For decades, able and dedicated people have sweated to bring us roses which are disease resistant, flower continuously and behave sensibly. These blooms can have names like Radox Bouquet, Sexy Rexy, Disco Dancer, Pretty Polly or Rhapsody in Blue. Are we grateful? We are not. In our quest for chic, we want roses that were bred before 1900 and are magnets for mildew, aphids and black spot. Ideally, they will have names beginning ‘Gloire de…’, ‘Comtesse de…’ ‘Souvenir de…’ and many of them will flower once, for about ten minutes, so long as it isn’t raining too hard, and probably when we’re on holiday.
True style, in gardening as in everything else, is elusive - a shifting, spectral thing. As soon as you feel like you have a handle on what’s cool, all the big kids have moved on. So there you are, stuck with the knot garden, prairie border and bed of exclusively black plants, looking like Daniella Westbrook in top-to-toe Burberry.
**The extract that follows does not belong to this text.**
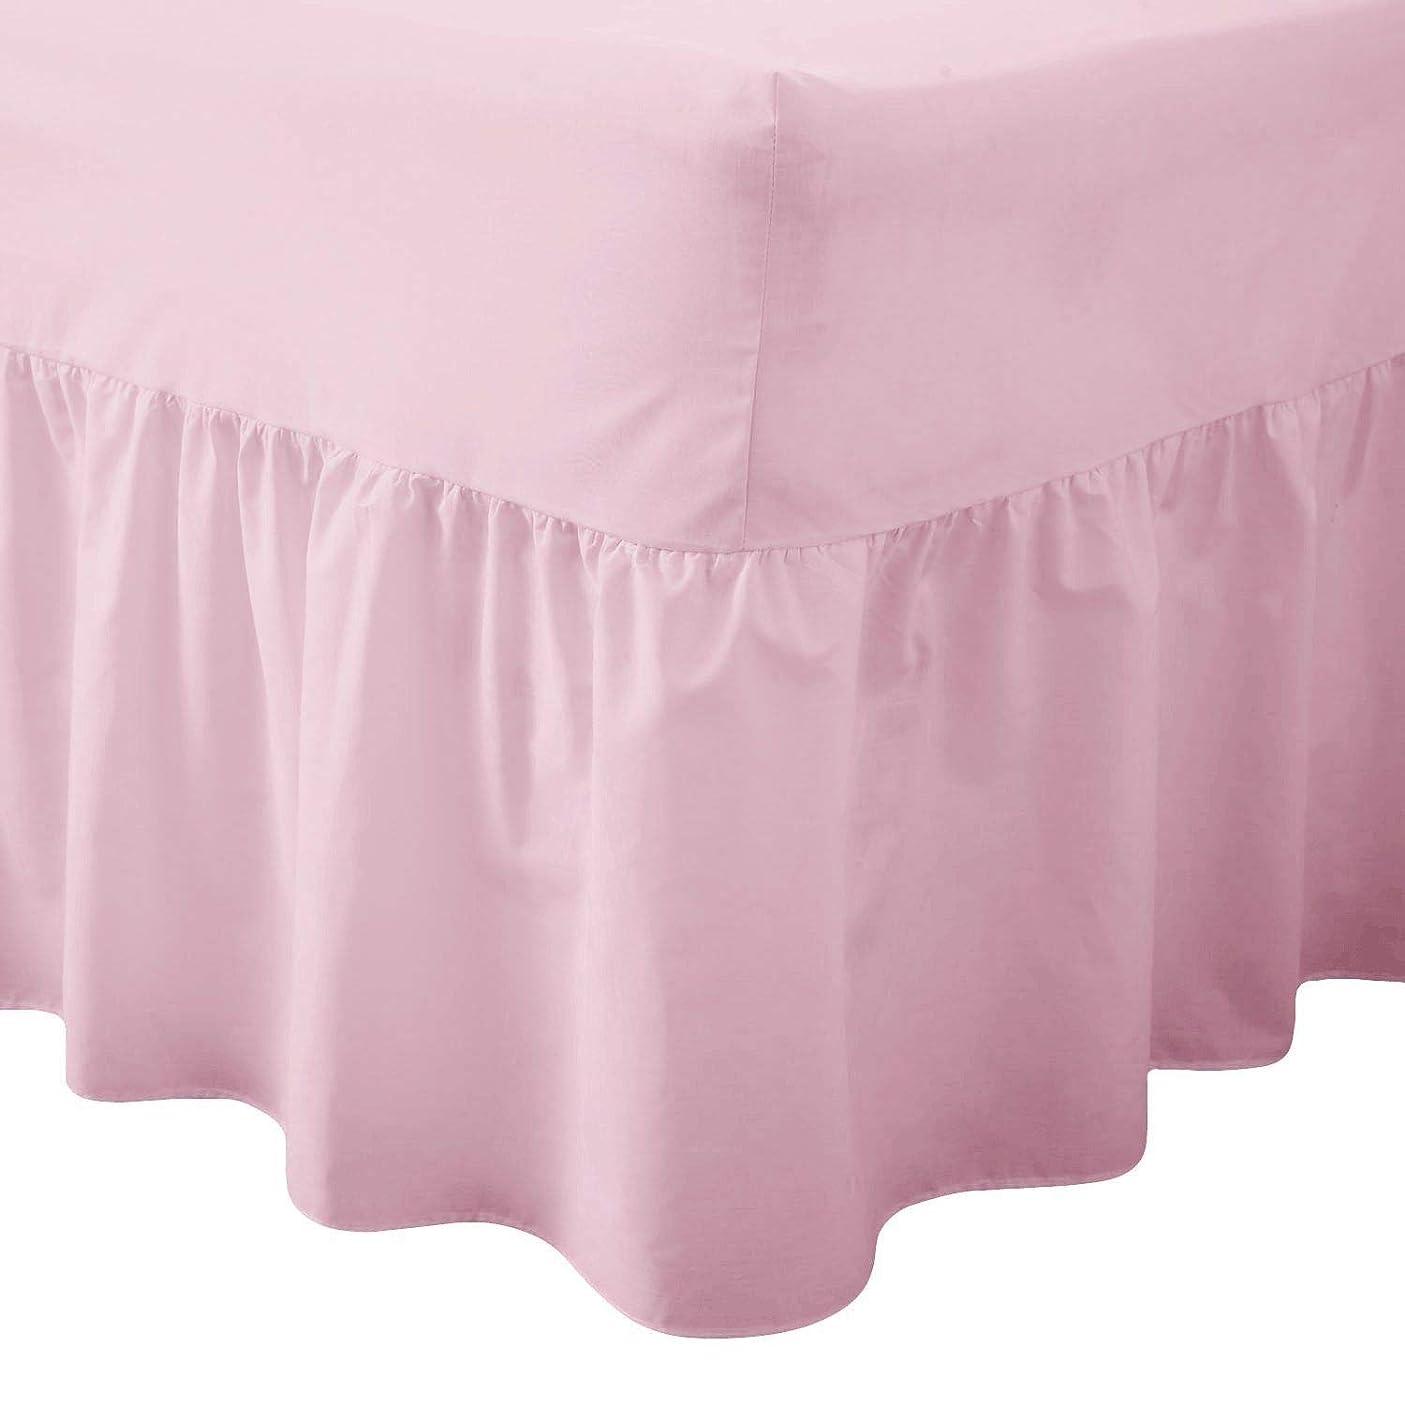 畝間自動腹TENCMGベッドスカート - ベッド表面なし低刺激性取り外し可能ベッドスカート - エラスティックバンドベッドスカート40cmドロップ - 低刺激性簡単にしわ,Pink,100x200cm

The last few days’ sunshine has delighted the strawberries.
Even the vegetable patch has not escaped the style mavens’ attention. Of course, you could have a few scrubby rows of leeks, or you could have a potager overflowing with fruit, vegetables, herbs and flowers. And it’s very important to grow the most exquisite varieties, selected after hours studying Sarah Raven’s Cutting Garden catalogue as if it’s the kabbalah. Obviously, you won’t miss out Bright Lights chard with its orange, yellow and scarlet stems. And your salads will glitter with dainty Heartsease violas, Indian Prince marigold petals and mahogany nasturtiums. No iceberg lettuce for you, but choicest mizuna, pain de sucre and merveille de quatre saisons. Say it softly, it’s almost like praying.
But despite all of this, gardens are freedom. They are the buffer zone between us and crazy. In a world full of ‘instant’, gardening forces us to be patient and rewards us with a glimpse paradise. You may never own an Old Master, but you could cram some tulip bulbs into an old terracotta pot. Within a few months, you will have display to rival any Vermeer. And really, who cares whether it’s in this year’s colour or not?
This scabious began flowering in February,
as soon as the snow melted.
This is supposed to be Ballerina. The perils of buying your tulip bulbs from open bins in Columbia Road market. I think naughty gardening sprites go around mixing them all up so, a few months later, surprise! Any idea what it is?